Le règlement général sur la protection des données (« RGPD ») est entré en vigueur le 25 mai 2018. Il modifie la législation antérieure sur le traitement des données personnelles en supprimant notamment le principe de déclaration préalable à la CNIL. Cette déclaration est remplacée par une obligation pour l’entreprise de démontrer la conformité de ses systèmes de traitement des données, notamment par la nomination d’un délégué à la protection des données et l’obligation de notifier les violations de données. Les sanctions liées au non-respect de cette réglementation ont de quoi faire frémir les directions juridiques puisque les amendes que peut prononcer la CNIL peuvent aller jusqu’à 20 millions d’euros et 4% du chiffre d’affaires de l’entreprise concernée.

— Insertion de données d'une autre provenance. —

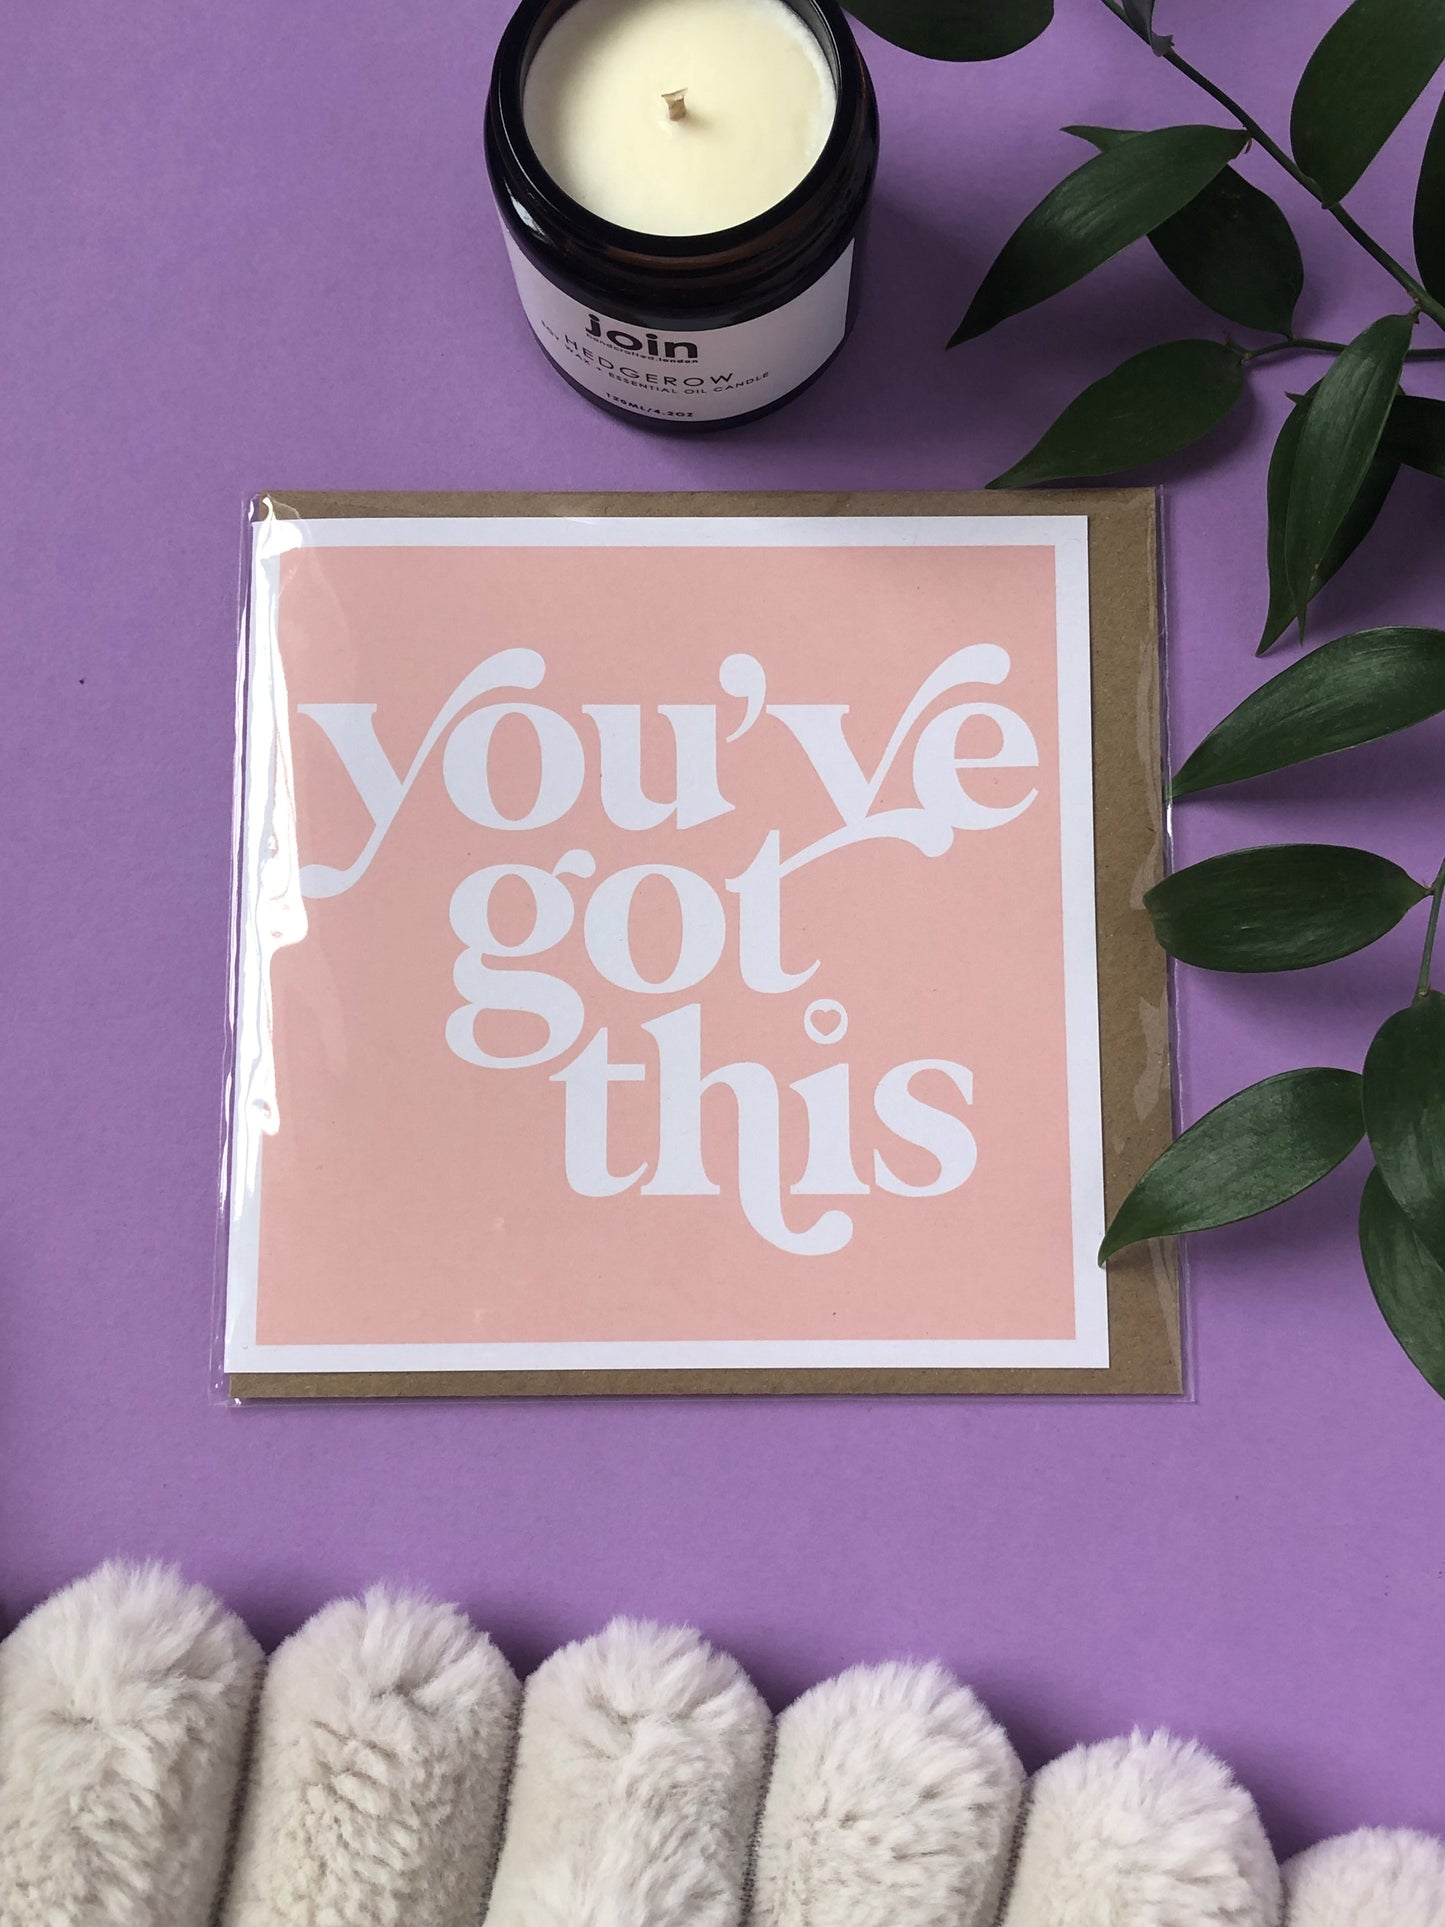 You've got this - Positivity Greeting Card

En matière de gestion du personnel, les flux de données sont nombreux, et le RGPD va concerner toutes les informations nominatives liées aux recrutements (donc aux candidats), à l’exécution du contrat de travail, mais également toute information nominative en lien avec la formation, la sécurité au travail, la médecine du travail, le Trésor Public etc.

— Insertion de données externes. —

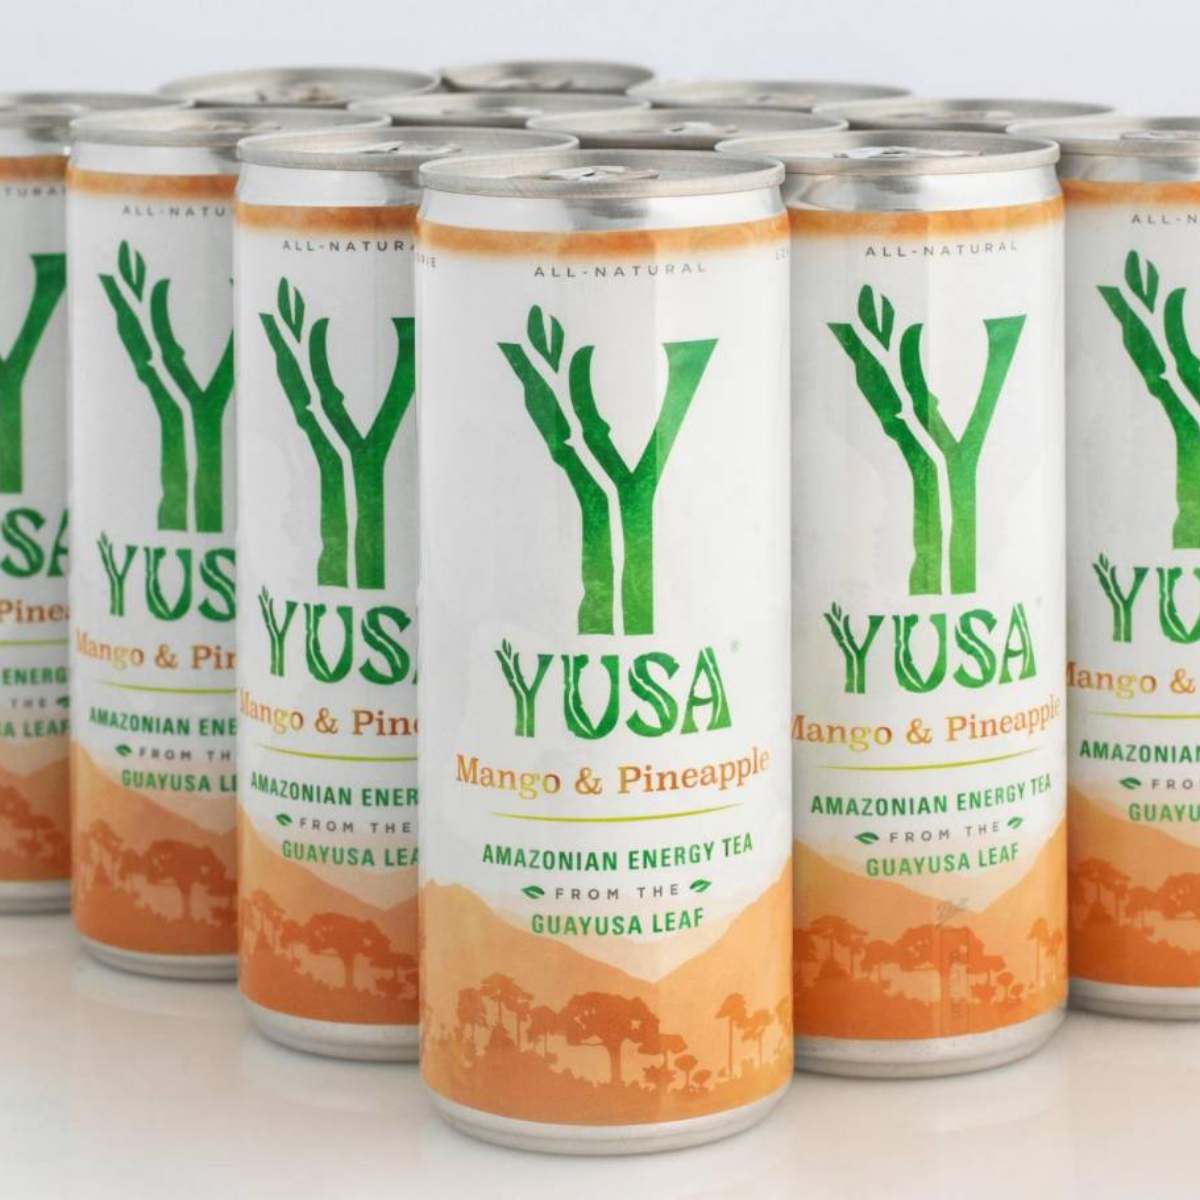 Yusa - The Plant Based Energy Drink.

L’employeur doit donc être en mesure de démontrer qu’il a informé les salariés, objet de ces données, des diverses caractéristiques du traitement des données telles que la base juridique du traitement, la source des données, leur durée de conservation, le droit d’accès. L’employeur doit également former les salariés qui traitent ces données, et, potentiellement, prévoir que le non-respect de la règlementation du traitement des données peut donner lieu à sanction.

Il conviendra donc d’informer et consulter le comité d’entreprise, le cas échéant, sur toutes nouvelles polices ou règles de gouvernance mises en œuvre afin de s’assurer que les salariés ont des instructions précises sur la façon dont ils doivent gérer les données. Ces polices et règles internes, dont le non-respect peut donner lieu à sanction, devront également être intégrées dans le règlement intérieur de l’entreprise (ou en annexe). En effet, en cas de contentieux portant par exemple sur une sanction ou un licenciement d’un salarié qui n’aurait pas respecté ces polices et contreviendrait au RGPD, les juridictions sociales vont s’assurer que ces formalités ont bien été respectées par l’employeur. A défaut, les juges pourraient considérer que la sanction prononcée (y compris le licenciement) n’est pas justifié.

Enfin, on peut s’interroger sur l’ouverture d’un nouveau champ de contestation pour les salariés ou leur représentants devant les juridictions sociales sur le thème par exemple du niveau d’information donné ou de la finalité du traitement qui pourrait créer un préjudice particulier aux salariés.

Il est donc important tant au regard de la CNIL que des salariés et de leurs représentants de s’assurer que tout a été effectué dans les règles.